4th January, 7.30. p.m. (1918)

Long and strenuous day.  Up at 3.30. with a party of about 18 men up to the front to salvage ammunition and a blown-up gun.  We rode in the ghostly moonlight through the well-remembered ruined city (Ypres) which in that dim light and encrusted with frost looked like an old ruin.  From the town we then made off towards the lines through three or four miles of country more topsy turvy with shell holes than ever.  There isn’t a blade of grass nor any kind of verdure; every tree is dead and blasted and not more than 5 yards spare between shell-holes.  This, mind you, prevails over a track of country I don’t know how wide, but several miles deep; as if some misguided giant with a broken shovel had dug up the whole country-side haphazard and kicked over everything standing during the process.  There wasn’t much firing but in the air things were very merry.  During most of the day the sky was filled with planes and there were plenty of scraps.  A hardish day’s work carrying shells over a tract of rough country.

Near where I was working is the remains of a wood, looking not unlike a patch of charred-out bush in the backblocks of N.Z.  All water is now frozen 5 or 6 inches thick and would easily support a horse.  The wooden roads that are made all over the place are frighteningly slippery and we had to wrap up the feet of one mule in socks, making him look like a cross between a donkey and an elephant.  I saw a remarkable instance of the accuracy of Fritz’s shooting in the case of a sector of a road which had been destroyed, the shell holes being planted evenly and accurately, alternating from one side of the road to the other.

Cold weather renders gas shells innocuous, as the liquid chlorine etc. will not vaporise, but when it grows warmer again becomes active and dangerous.  Everywhere are traces of bitter fighting – twisted barb-wire, smashed dugouts, trenches, ‘pill-boxes’ etc. and dotted here and there over the devastation a sprinkling of disabled tanks, one of them cocked at an impossible angle gazing disconsolately at the sky.

IWM Q 29795 Ypres

[Image: Aerial oblique view of Ypres showing the ruins of the city, sourced from Imperial War Museum, Catalogue Number Q 29795]
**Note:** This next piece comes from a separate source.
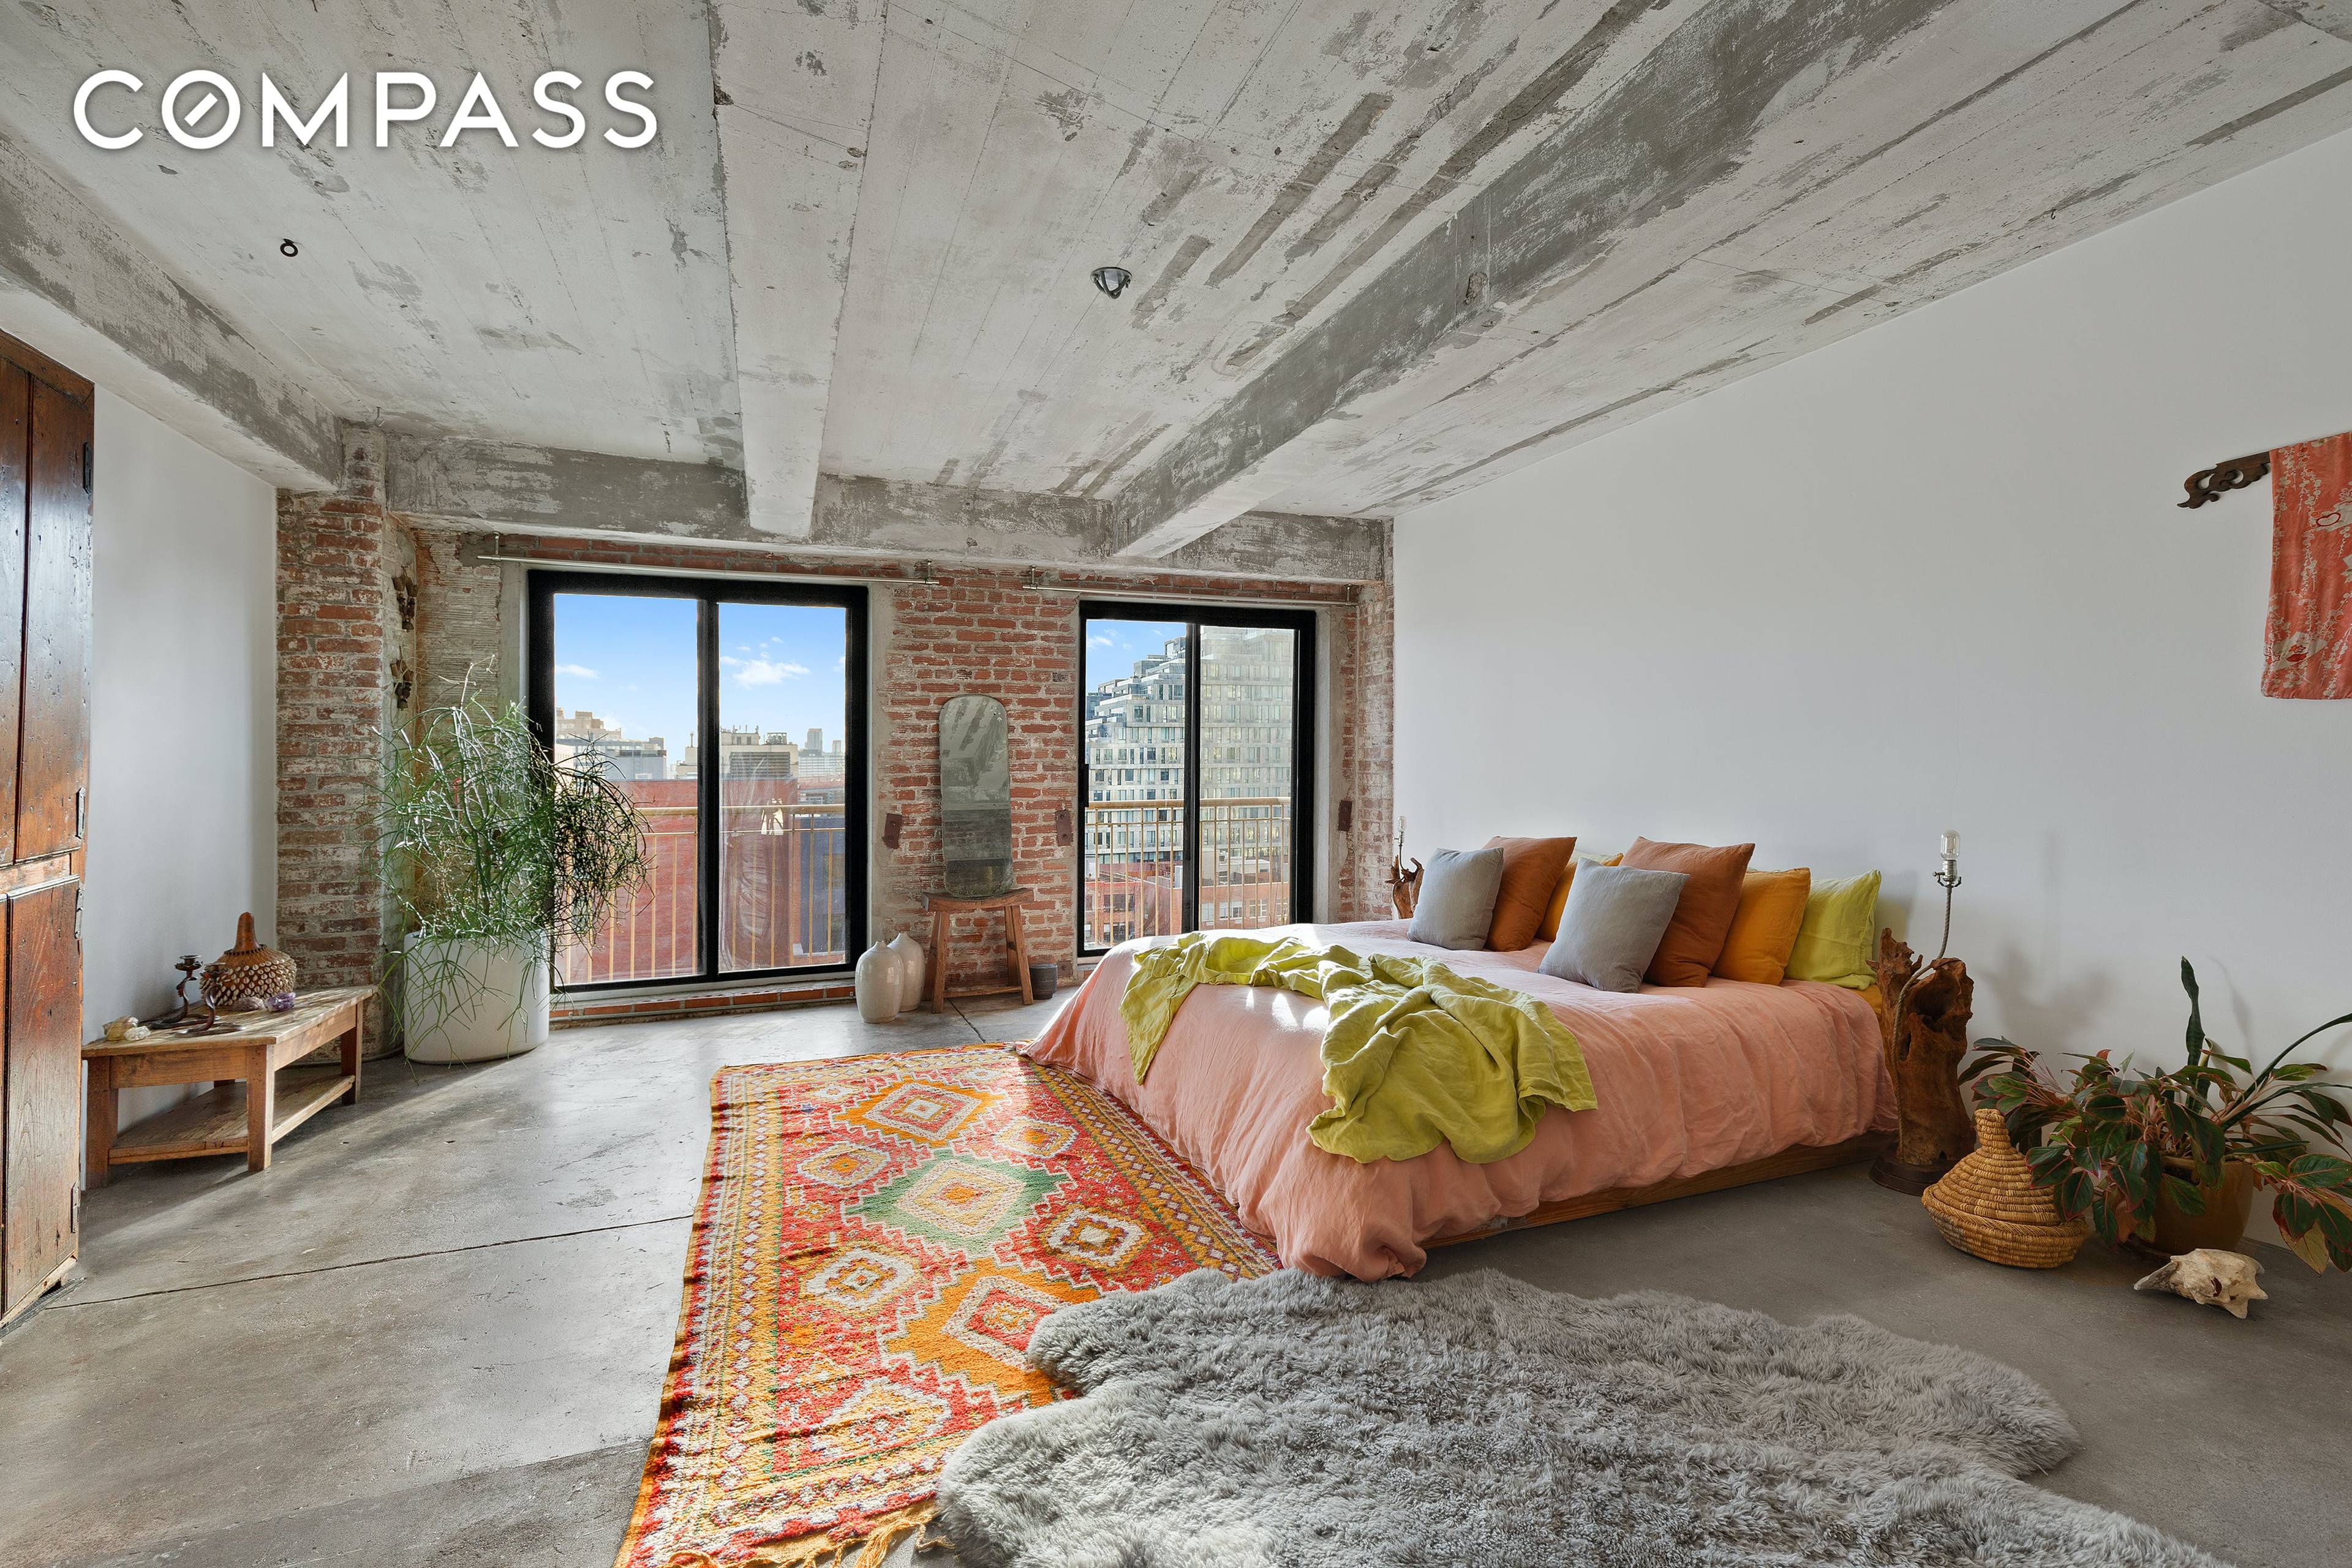 Just when you thought that there were no original loft spaces left in New York, you then found 330 Wythe Avenue in Williamsburg.

e-19780381-021 German Blockhouses

[Image: German Blockhouses, sourced from Canadian War Museum]


One thought on “4th January, 7.30. p.m. (1918)”

  1. I’m saving excerpts which mention W, John; but today’s one is so graphically awful – and accurate in its description – that I am saving it too. Do you sometimes get overcome with what it was like for those soldiers, and overcome with admiration for their resilience and coping capacity?